The felony convictions of three cockpit crew members for operating a Northwest Airlines jetliner while under the influence of alcohol likely will prompt Congress and the airlines to toughen regulations preventing pilots from drinking before flights, a prosecutor said.
"There has been so much attention to this case over the past months that I'm sure the pilots and the rulemakers and the congresspersons will look at this type of issues now," Assistant U.S. Attorney Elizabeth de la Vega said Monday after the verdicts were returned.The three pilots were convicted of being under the influence of alcohol on March 8 when they flew a Northwest jetliner carrying 91 passengers from Fargo, N.D., to Minneapolis.
The defendants - flight captain Norman Prouse, 51, of Conyers, Ga., co-pilot Robert Kirchner, 36, of Highland Ranch, Colo., and flight engineer Joseph Balzer, 35, of Antioch, Tenn. - stood stone-faced as the verdict was read.
"I came into this trial expecting the worst," Prouse said after leaving the courtroom.
Sentencing was expected in about 30 days, pending the results of a pre-sentence investigation. The pilots, who were released without bail, could be sentenced up to 15 years and fined $250,000 each on the felony convictions.

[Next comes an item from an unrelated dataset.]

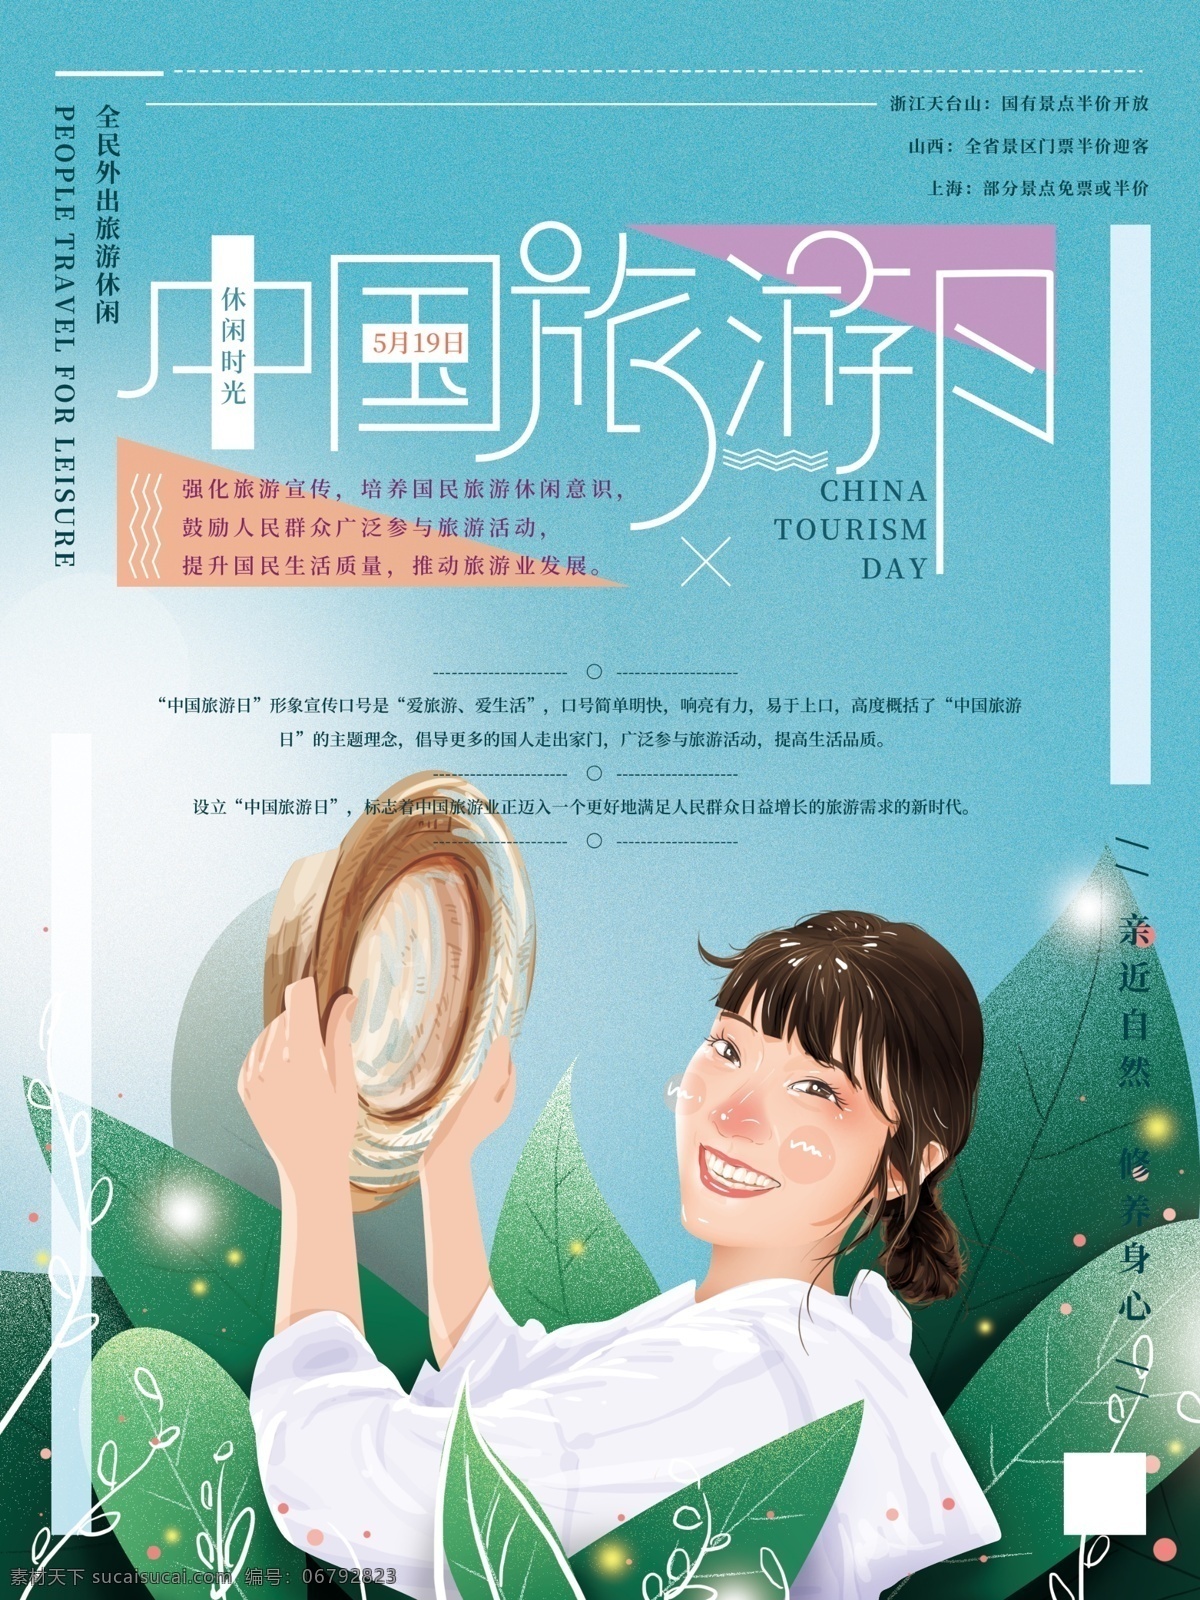 原创 手绘 清新 中国旅游 日 海报 女孩 叶子 自然 天空 帽子 旅游
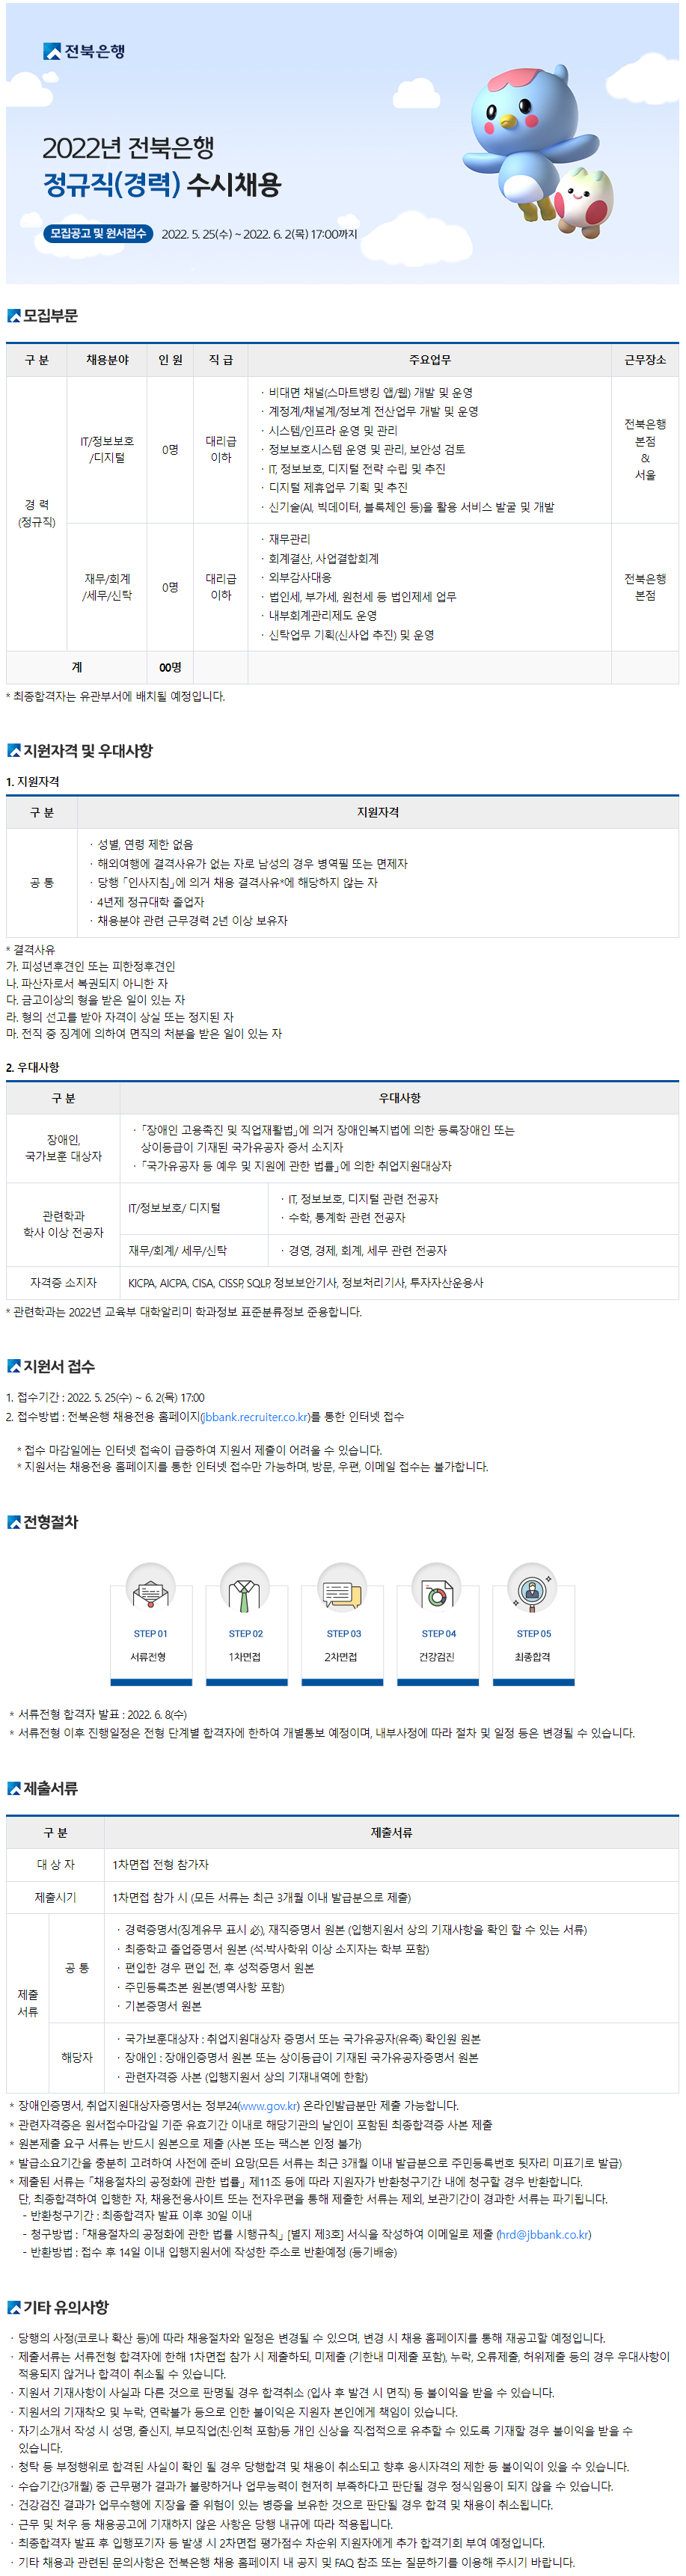 전북은행 공고문 - 20220524-01.png

The three men were arrested in Minneapolis after a patron at a bar in Moorhead, Minn., notified the Federal Aviation Administration that the crew had been drinking for several hours the night before the flight. Northwest fired the three men, and the FAA revoked their federal pilot licenses.
The Boeing 727 landed without incident, but the pilots were charged after tests indicated they still had alcohol in their bloodstreams about two hours after the flight.